Lula, Dilma, Afif etc.
Está rolando na Internet um longo artigo do jornalista Gilberto Maringoni sobre o ex-presidente Lula. Muito conhecido como cartunista, Maringoni é doutor em História e leciona na Universidade Federal do ABC. No artigo publicado originalmente no site Carta Maior em 15 de maio, ele se equilibra entre o rigor acadêmico e a fluência jornalística, mas condena o discurso ambíguo, ora progressista, ora conservador, do ex-líder metalúrgico, que permanece como comandante supremo do PT, exercendo influência nos rumos do governo de Dilma Rousseff.
O ponto de partida da análise de Maringoni é a recente nomeação do vice-governador paulista Guilherme Afif Domingos, de origem malufista, como ministro da Microempresa do governo federal. “Não se trata apenas de uma manobra de ocasião para compor maiorias parlamentares e estreitar o espaço da oposição nas eleições de 2014”, escreveu o cartunista-professor. “Estamos diante de uma sofisticada tática política, capaz de contentar aliados à esquerda e à direita e de se colocar como esquerda e direita ao mesmo tempo, sem assumir claramente nenhum dos lados”.
Segundo Maringoni, Lula não se avexa de elogiar ex-presidentes como o general Médici (por ter assinado a lei de criação da Embrapa em 1973 e autorizado a construção de Itaipu), fazendo média com os setores mais conservadores do país. “Contenta progressistas e conservadores, direitistas e esquerdistas e… não toca no status quo”, afirma Maringoni.
Pelo contrário, o artigo critica decisões de Lula e de Dilma como a contenção da reforma agrária, a liberalização da legislação ambiental, a manutenção da política econômica neoliberal e a nomeação de figuras remanescentes da ditadura, como o ministro Edson Lobão de Minas e Energia. Tudo isso, diz o articulista, representa “a materialização de uma habilíssima política conservadora de novo tipo”.
Conclusão do estudioso: embora tenha construído “o governo mais sofisticado e complexo no Brasil desde Getúlio Vargas (1930-45 e 1951-54)”, o PT reduziu seu alcance a avanços módicos no combate à pobreza e na ampliação do ensino. Lula e sua sucessora construíram “governos de coalizão”, montados para superar desafios históricos do país, mas no curso da história seu objetivo central passou a ser a manutenção do partido no governo, ainda que seja à custa de concessões a partidos de centro e de direita.
Maringoni não perdoa: “Os governos petistas incorporaram, sem dizer que o fizeram, políticas caras aos setores monopolistas e rentistas, como o aprofundamento do processo de privatizações, de isenções tributárias e fiscais e a política de franco favorecimento aos grandes grupos privados, via BNDES.”
O próprio historiador-cartunista reconhece que não é fácil se opor a uma gestão desse tipo, que “distribui uma parcela do excedente social entre os setores miseráveis e obteve um crescimento econômico razoável, em comparação com a administração do PSDB”. Porém, segundo Maringoni, as práticas sociais dos governos petistas não desconcentram renda de maneira significativa.

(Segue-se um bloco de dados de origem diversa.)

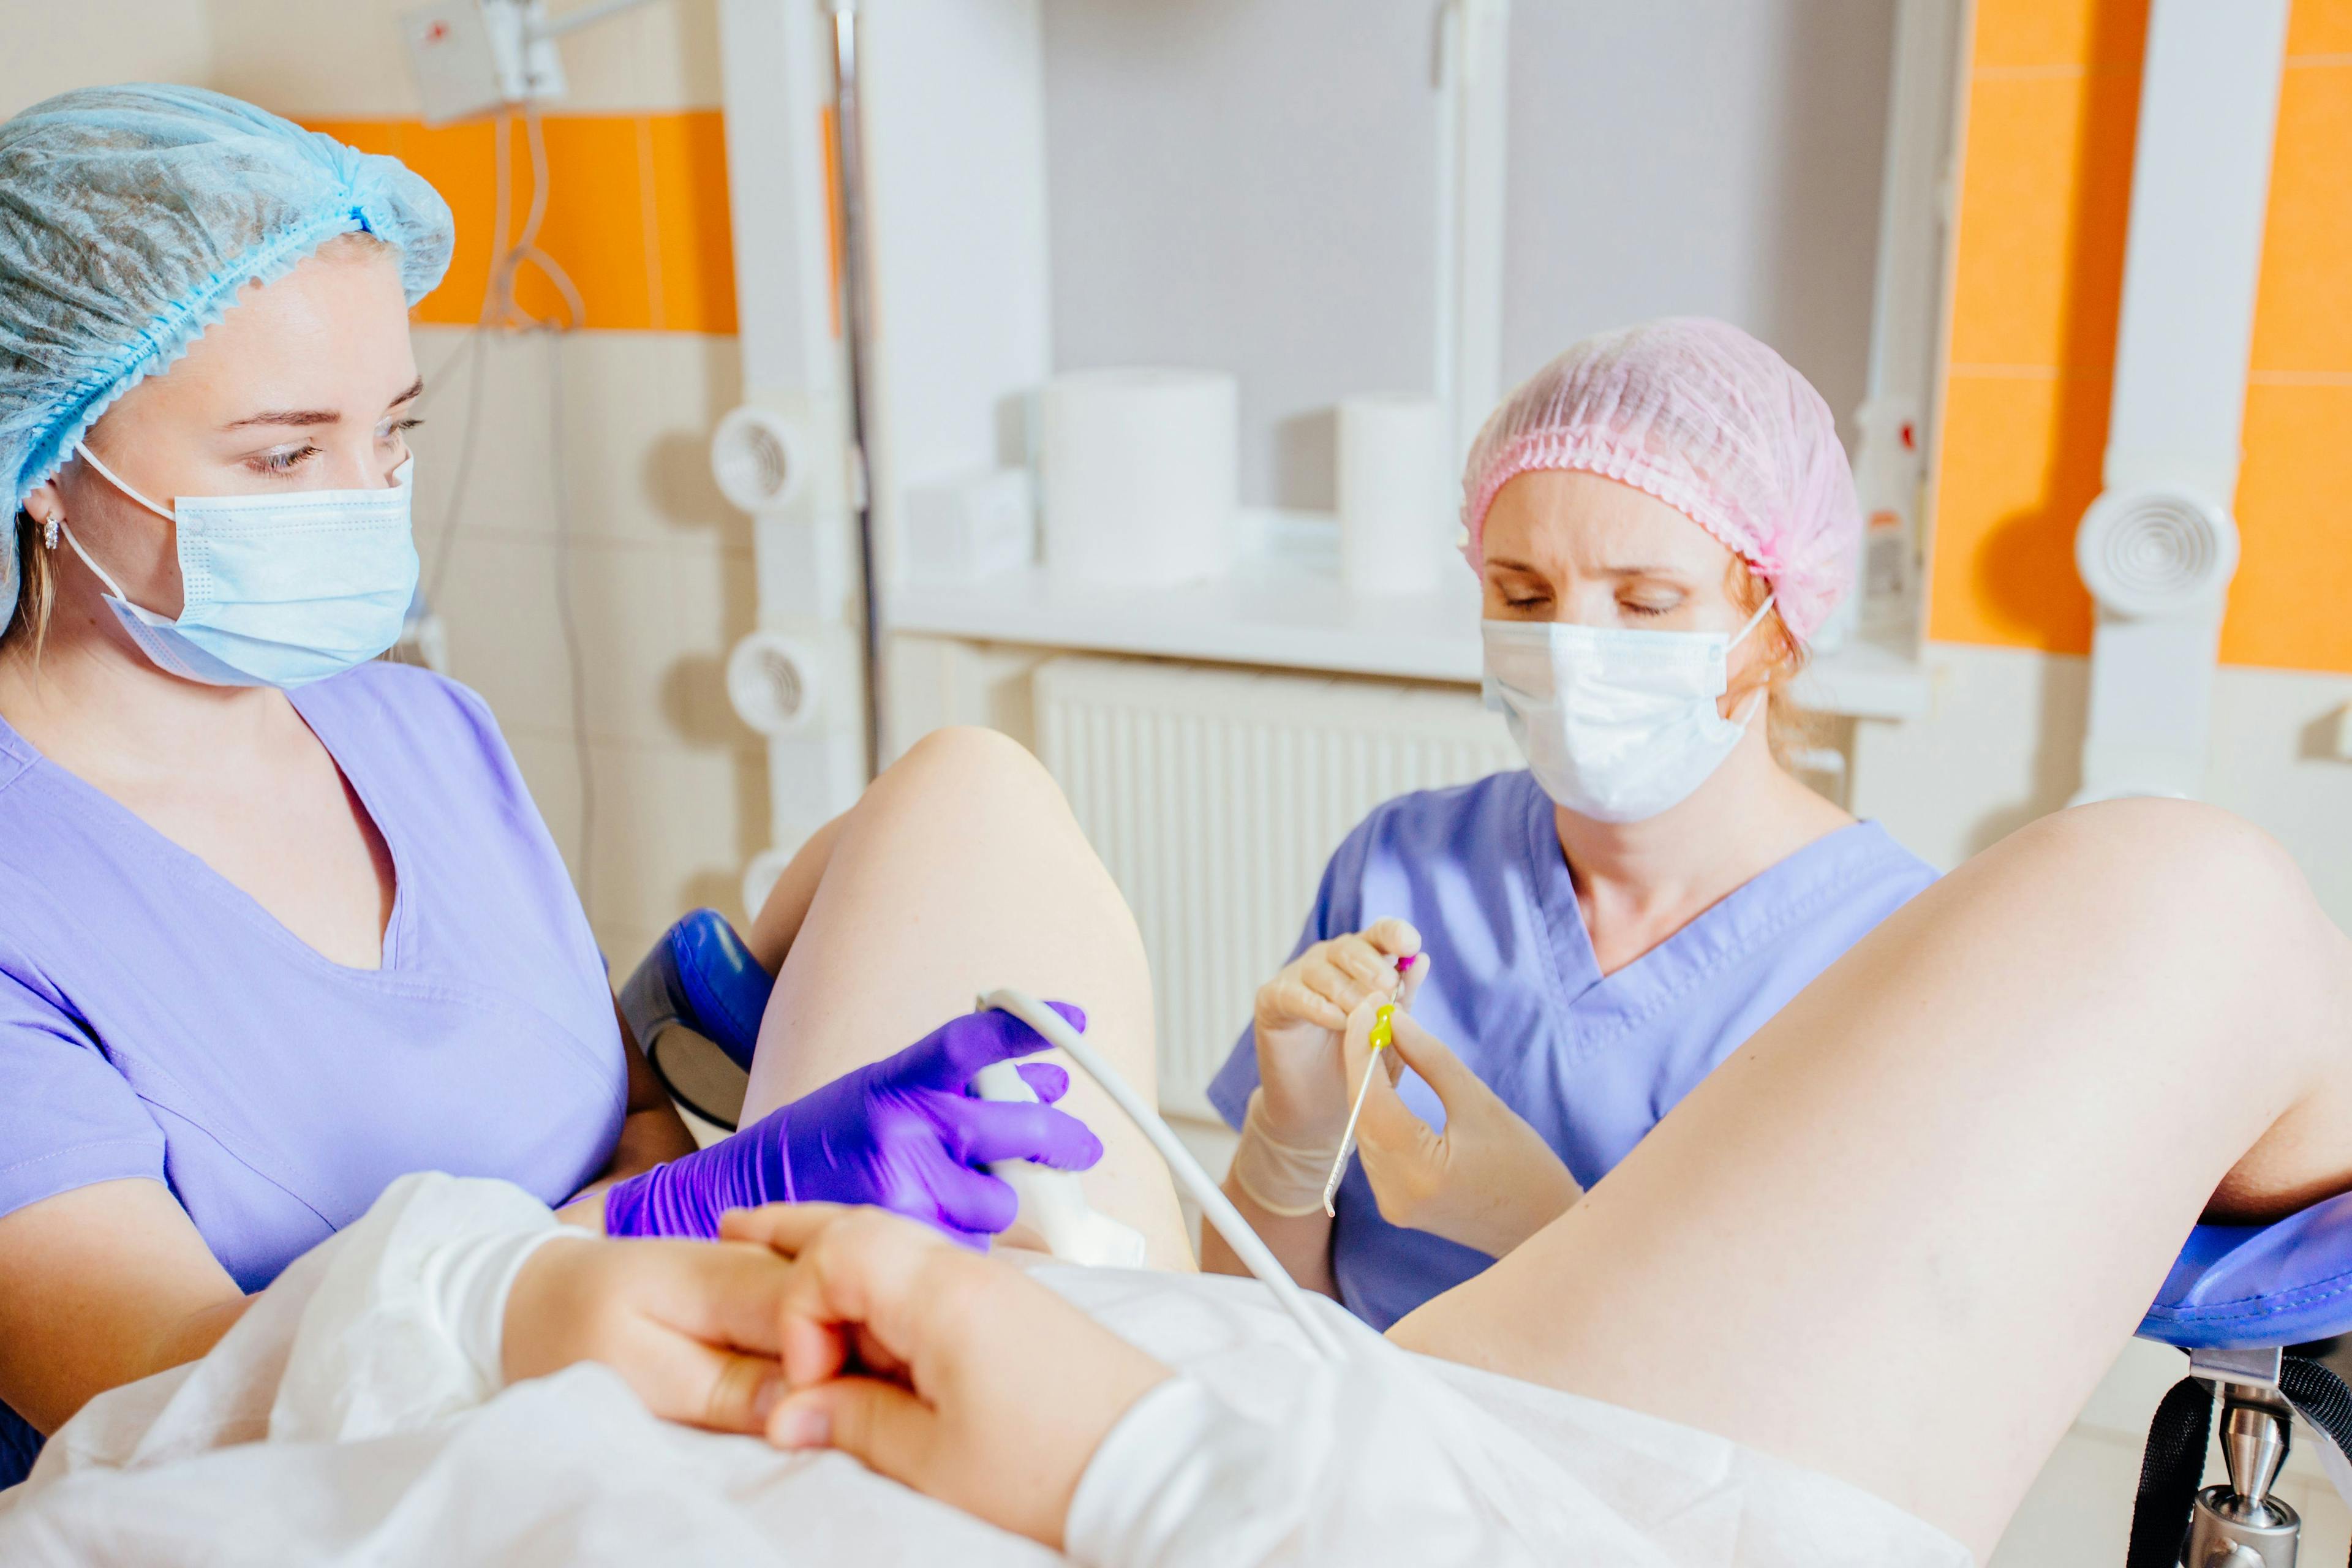 Does endometrial scratching improve live birth rate in IVF cases?
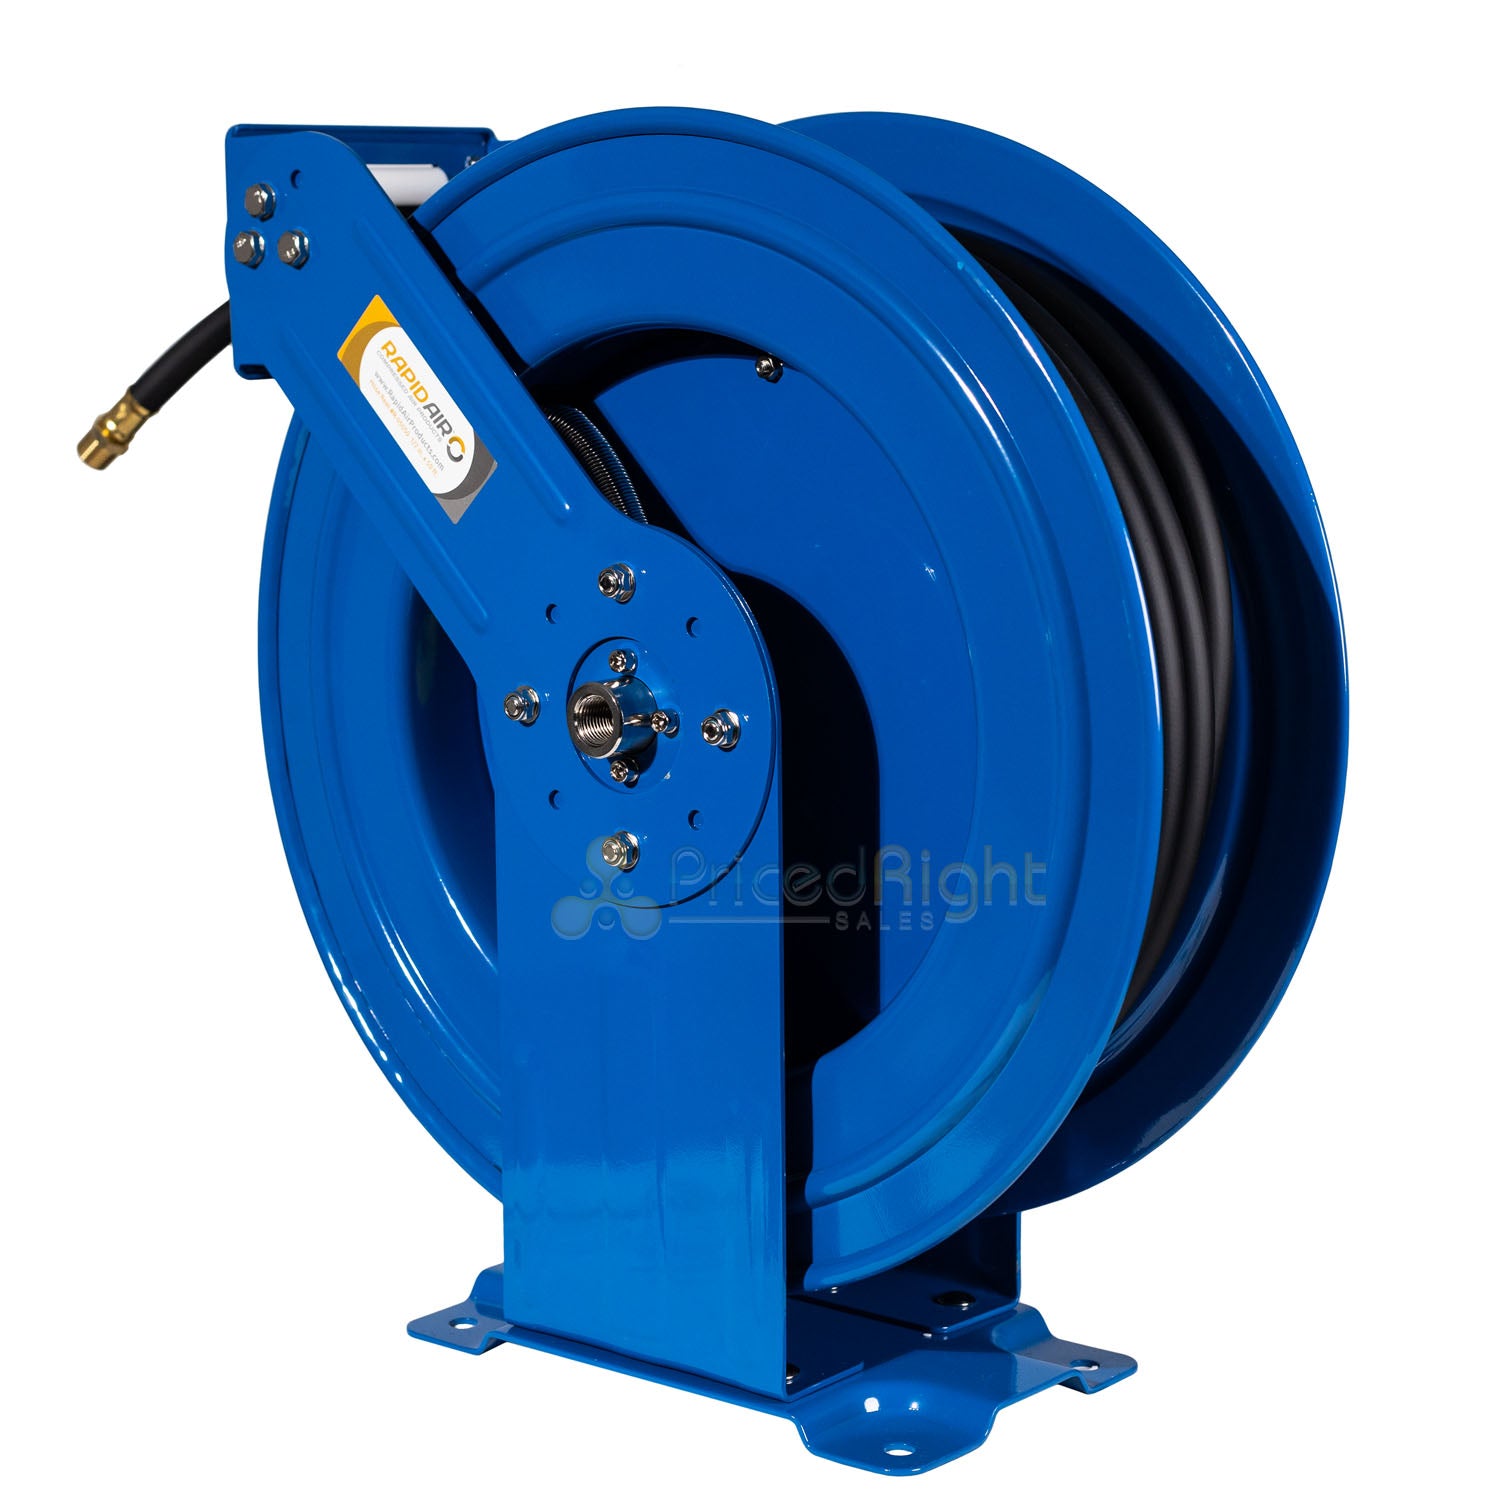 Rapidair 1/2" x 50' Dual Arm Steel Hose Reel 1/2" Inlet and Outlet R-05050

Para Maringoni, as melhorias sociais – que são reais – em vários aspectos da vida da população mais pobre, obtidas nos governos petistas, foram alcançadas graças a um cenário de crescimento econômico, sem tocar na essência da organização do Estado e sem ampliar serviços públicos universais – como educação, saúde e segurança. Na saúde pública, observa o estudioso, o que se nota é um avanço dos planos de medicina privada, das organizações sociais e um paulatino sucateamento do SUS, estabelecido na Constituição de 1988. Ou, seja, “a justiça social lulista se faz via mercado, via crédito e aumento da massa salarial que dependem de cenários de crescimento econômico”.
A grande pergunta que começa a ser colocada neste ano pré-eleitoral é: depois de dez anos de governo: tais como são percebidos hoje, o lulismo e o petismo ainda têm espaço para permanecer no poder e avançar em propostas em favor da maioria da população ou perderam a capacidade de contrariar os interesses dos grandes monopólios e dos rentistas mantidos à sombra do modelo econômico baseado no endividamento governamental?
LEMBRETE DE OCASIÃO
"Cada um de nós será julgado um dia. Cada um de nós será julgado por aquilo que fizemos e pelo que deixamos de fazer”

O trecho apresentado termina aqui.